Ayurveda states that masur lentil helps in absorption of excess fluid from the intestines and prevents it from mixing with stool which makes it a good treatment for diarrhoea. 

8/8. Remedy for Malnutrition

Ayurvedic tradition has it that Masoor dal can help in preventing ‘karshya’ disease. This disease is referred to as malnutrition in modern day parlance.

Side-effects of Masoor Dal Flour

There are not much side-effects of this dal and it can be considered for consumption by majority of people.

1/3. Flatulence- However, eating too much of it can cause some bloating and flatulence. This is because of presence of two sugars- (raffinose, stachyose) that are not easily digestible. Therefore, it is advisable to consume it in right quantities. 

2/3. Allergies- Though it is rare to have allergy from consumption of masoor dal, it is suggested that you do see a doctor when you have any adverse reaction after consuming it as it does have allergens.

3/3. Pregnant and breastfeeding women- It is suggested to seek doctoral advice before consuming masoor flour or dal during or after pregnancy as it can cause flatulence after consumption.
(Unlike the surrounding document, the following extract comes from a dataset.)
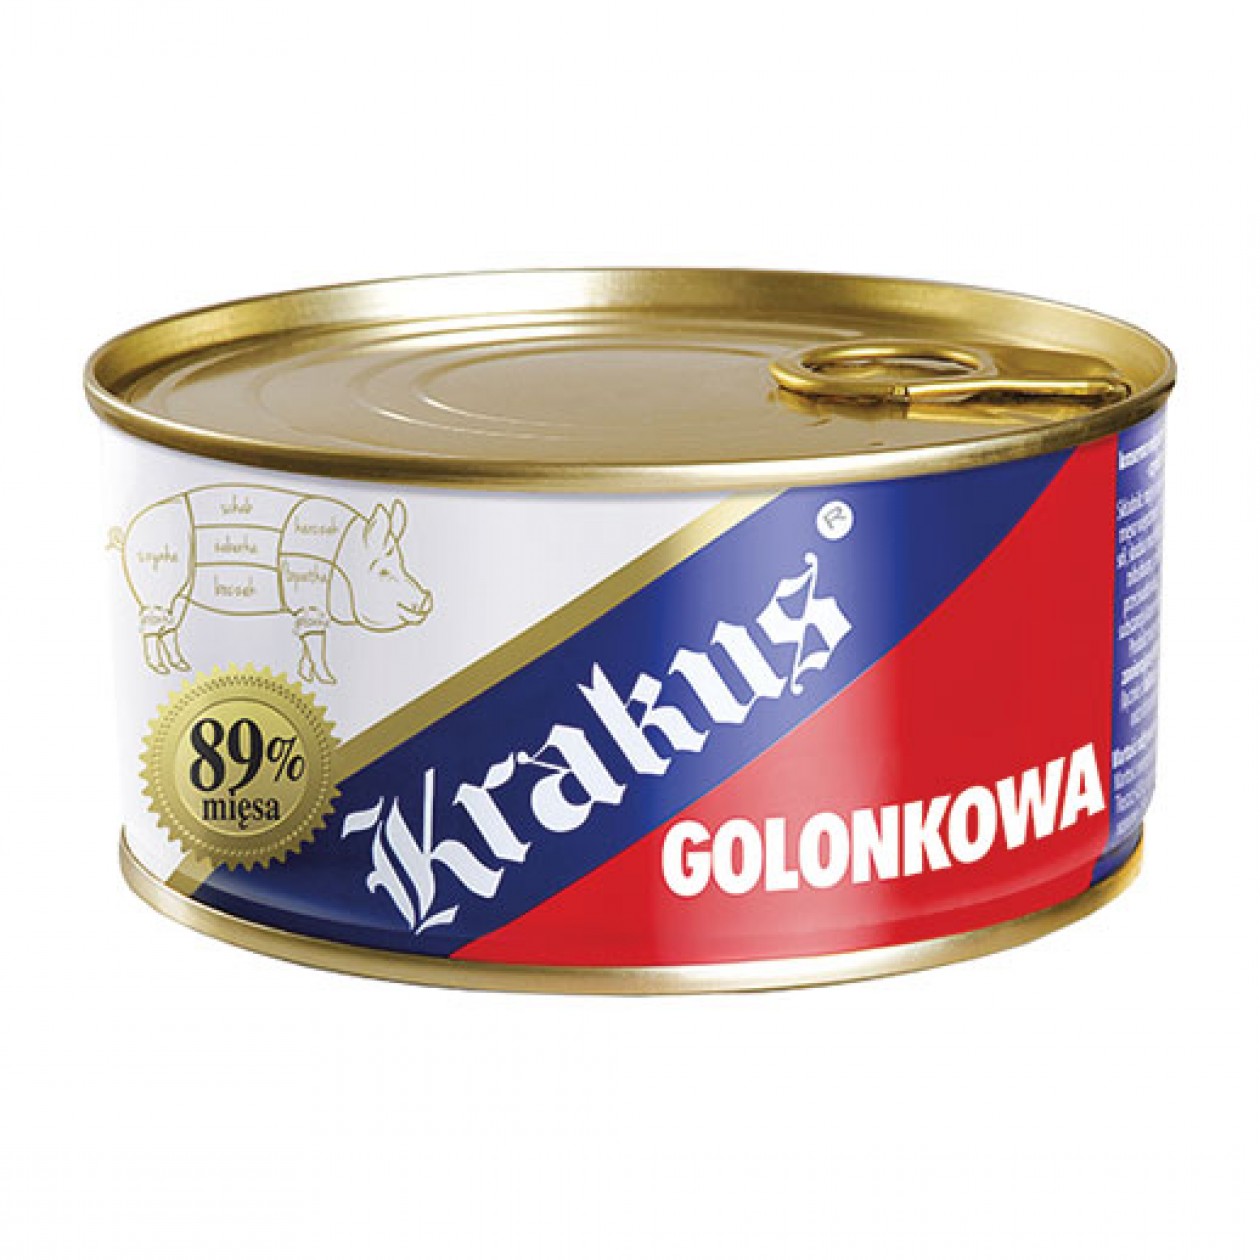 Krakus Canned Meat Golonka (2) 6x300g

How to Mill Masoor Red Lentil?

As mentioned in the beginning, there is a ‘masur saabut’ or whole red lentil which contains the seed coat. This is also called the hull of the lentil. It may or may not be ground for making the flour. The hull is packed with nutrition and it is best to prepare the flour with the hull not removed.

However, if the hull is to be removed, it can be done either by soaking it in water for a few hours or using the dry process wherein the hull is tempered to remove easily. Once removed, the lentil gets split and it is then ground using the power mill into flour. The mill can be calibrated to deliver flour of different particle size.